Problemy nie opuszczają Hamiltona

To był kolejny pechowy wyścig w wykonaniu Lewisa Hamiltona. Po przespanym starcie, Brytyjczyk uderzył w tył bolidu Fernando Alonso uszkadzając przednie skrzydło. Heikki Kovalainen przywiózł dla ekipy cenne cztery oczka.

Robert Chruściński
Robert Chruściński

Pierwszy kierowca McLarena już na początku zaprzepaścił swoje szanse na zwycięstwo w GP Bahrajnu. Hamilton stwierdził, że był to katastrofalny występ i chce jak najszybciej o nim zapomnieć. - Jestem naprawdę zawiedziony i czuję, że zawiodłem zespół. Zawsze wolę obwiniać najpierw samego siebie. Cały weekend nie był dal nas udany, począwszy od piątkowego wypadku. W wyścigu zaspałem nieco na starcie i nie wcisnąłem w porę przycisku na kierownicy, przez co miałem na starcie złe ustawienie silnika i uruchomił się system zapobiegający jego zgaśnięciu. Straciłem przez to sporo lokat, ale wszystko było jeszcze do nadrobienia. Później nastąpiło to zderzenie z Fernando. Jechałem za nim, zjechałem do prawej, on również i stało się. Jestem przekonany, że mieliśmy wystarczające tempo, aby wywalczyć miejsce w czołówce. Przede mną długa droga do tytułu, ale nie poddam się tak szybko - uważa Hamilton.

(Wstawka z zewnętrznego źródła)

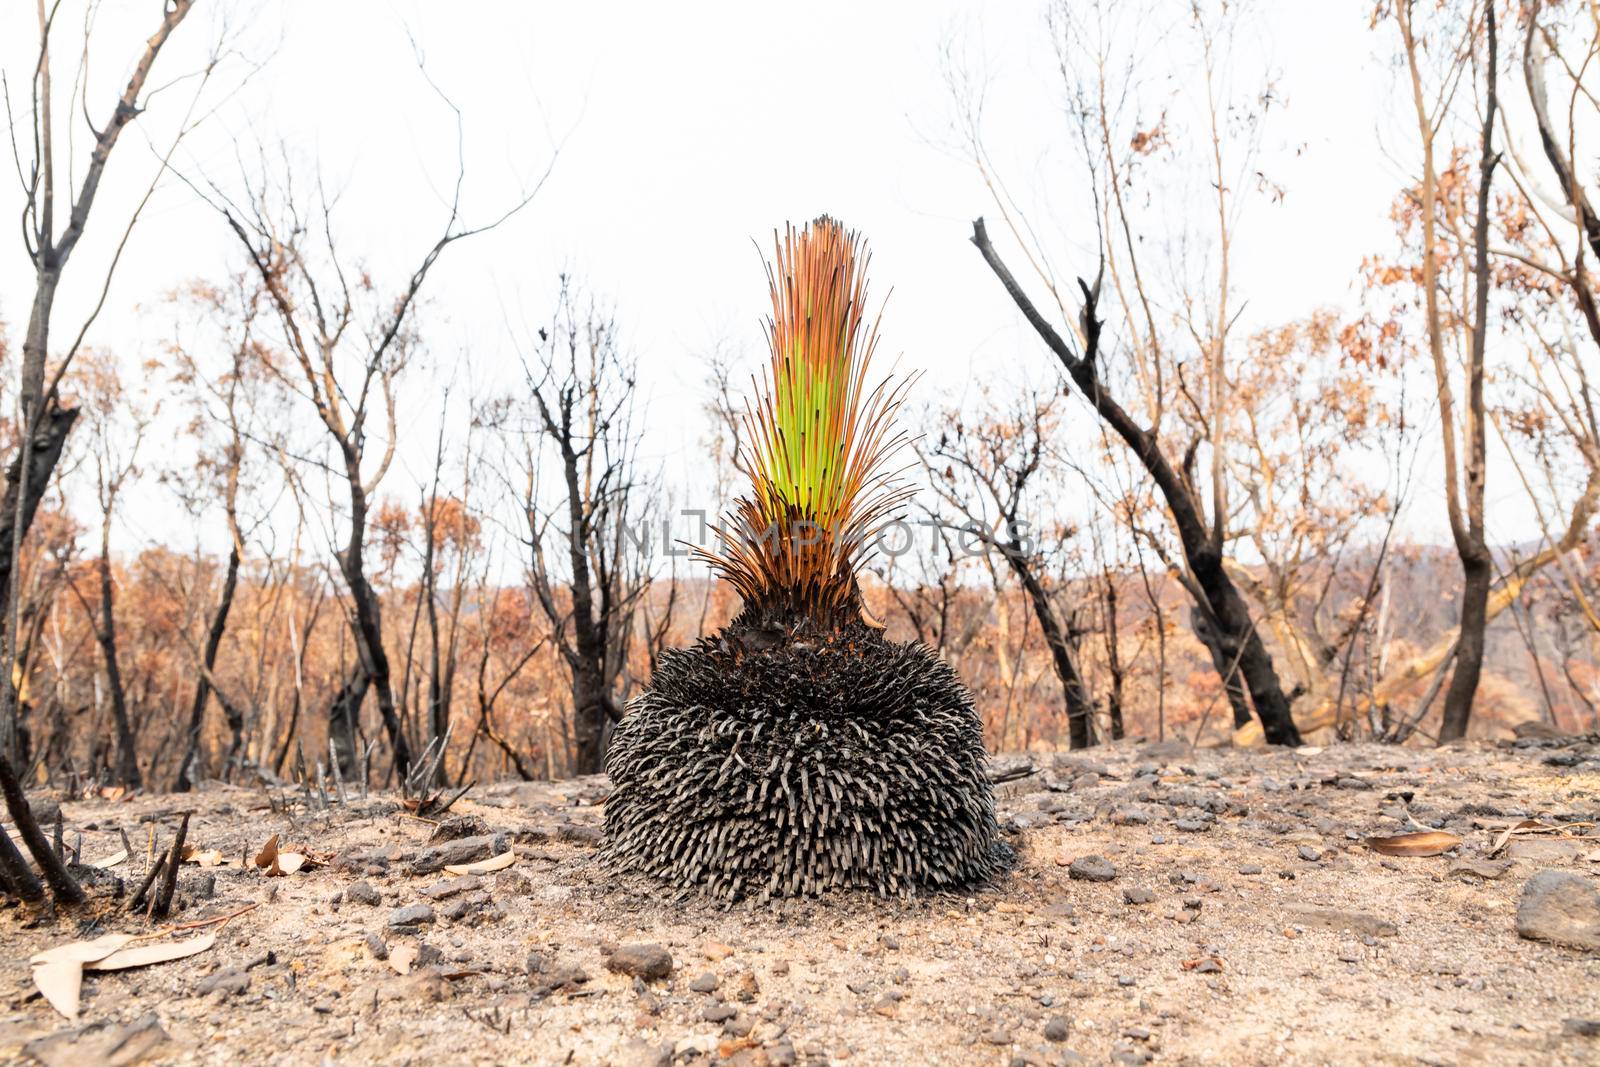 A green plant amongst severely burnt Eucalyptus trees after a bushfire in The Blue Mountains by WittkePhotos

Kovalainen bez większych przeszkód dowiózł do mety piąte miejsce. - To był całkiem trudny wyścig. Dobrze wystartowałem, wyprzedzając Kimiego na wejściu w drugi zakręt, jednak potem popełniłem błąd i odzyskał on swoje miejsce. Następnie wszedłem zbyt głęboko w ósmy zakręt i spłaszczyłem prawą przednią oponę, co wywoływało spore wibracje. Wibrowało to tak mocno, że bałem się, że zaraz coś odpadnie. Piąte miejsce było dzisiaj wszystkim na co mogliśmy sobie pozwolić. Zdobyłem jednak punkty i to jest najważniejsze. Mam dług wdzięczności wobec ekipy za świetne przygotowanie bolidu. Postaramy się poprawić przed rozpoczęciem europejskiej części sezonu - zakończył Fin.